State salaries outpace tax gain up to April 2021
COLOMBO – Sri Lanka’s state salaries and pensions had outpaced the gain in tax during the first four months of 2021, official data show, as public sector workers ask to lift the ongoing coronavirus lockdown fearing salary cuts and tax-generating output is reduced is productive sectors.
In the four months to April 2021, tax revenues rose by Rs 18.7 billion from a year ago to Rs 427.26 billion, data from the Finance Ministry shows. But the salary and pension bill rose by Rs 27.7 billion to Rs 361.3 billion, easily outpacing the increase in tax collections.

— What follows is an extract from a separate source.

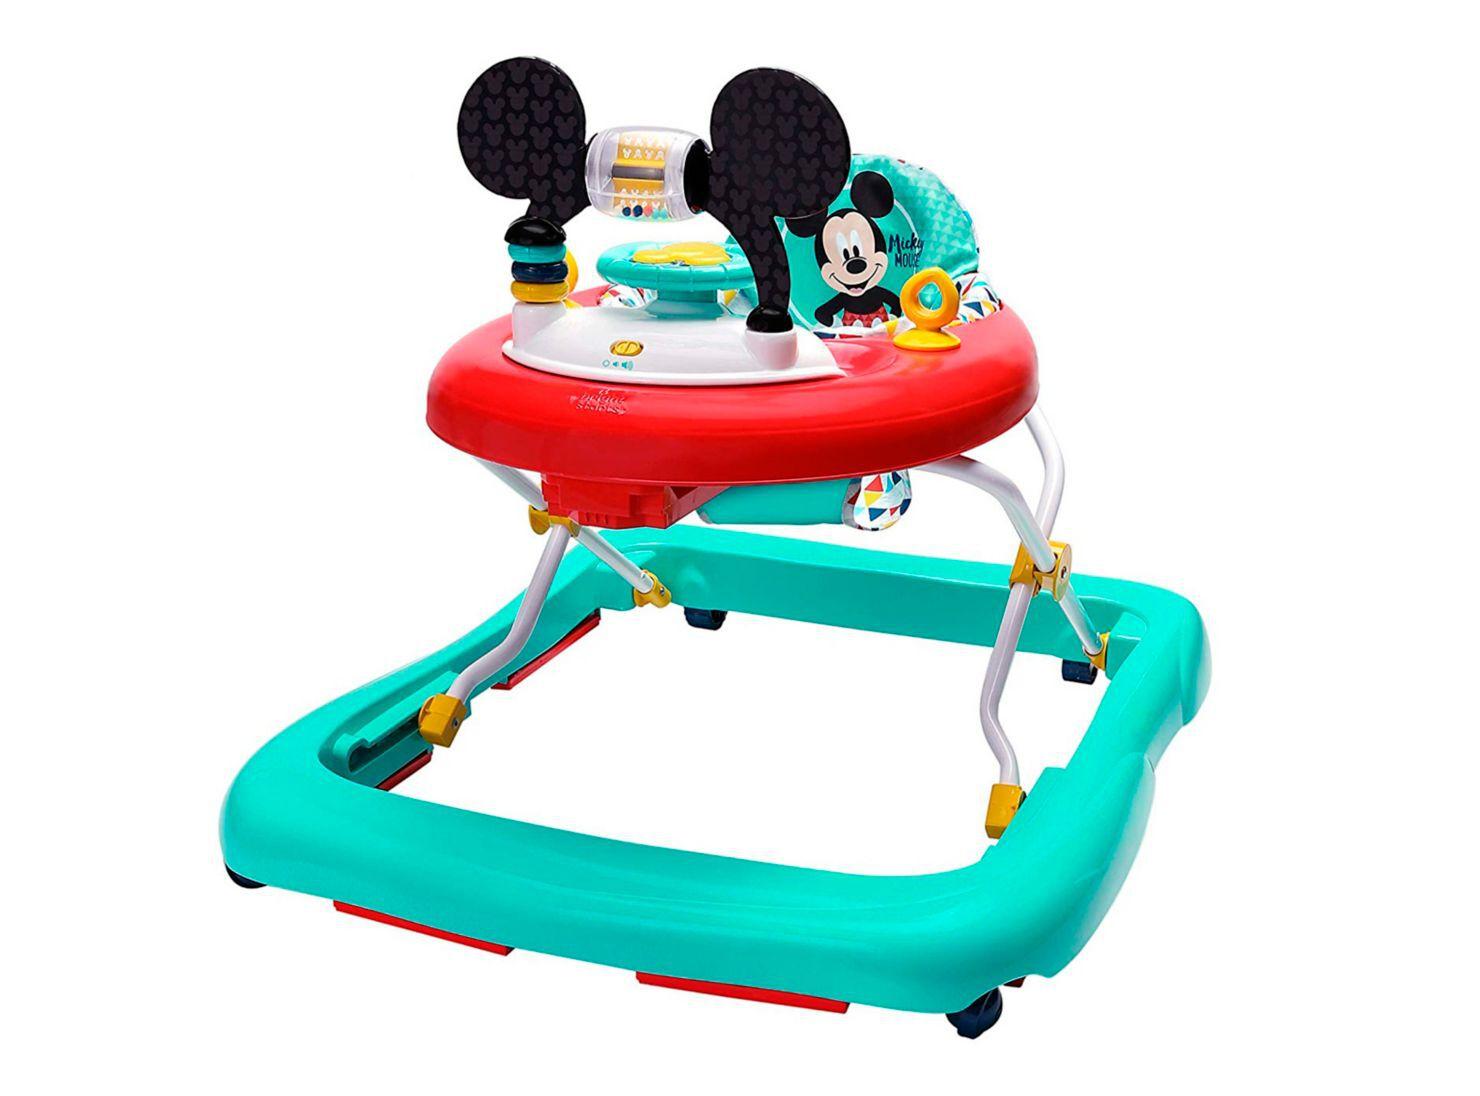 Andador Mickey Mouse 11237 Disney - Juegos de Exterior | Paris

Salaries and pensions ate up 84.6% of tax revenues, leaving little else for other activities.
Sri Lanka’ State worker cadre was raised by 61,000 persons to 1.52 million persons in 2020 from 1.46 million a year earlier, despite the additional tax burden on the private sector and self-employed to generate taxes to pay their salaries and pensions.
Pensions are generally given to state workers who have put in three decades of service, but the elected ruling class and their close relatives (sometimes wife or children) are given a lifetime pension after 5 years.
The elected ruling class who get tax free vehicles, bloat the State sector primarily by absorbing unemployed graduates who engage in hunger strikes in front of the main railway station in the capital demanding lifetime jobs and pensions in the State sector at the expense of society.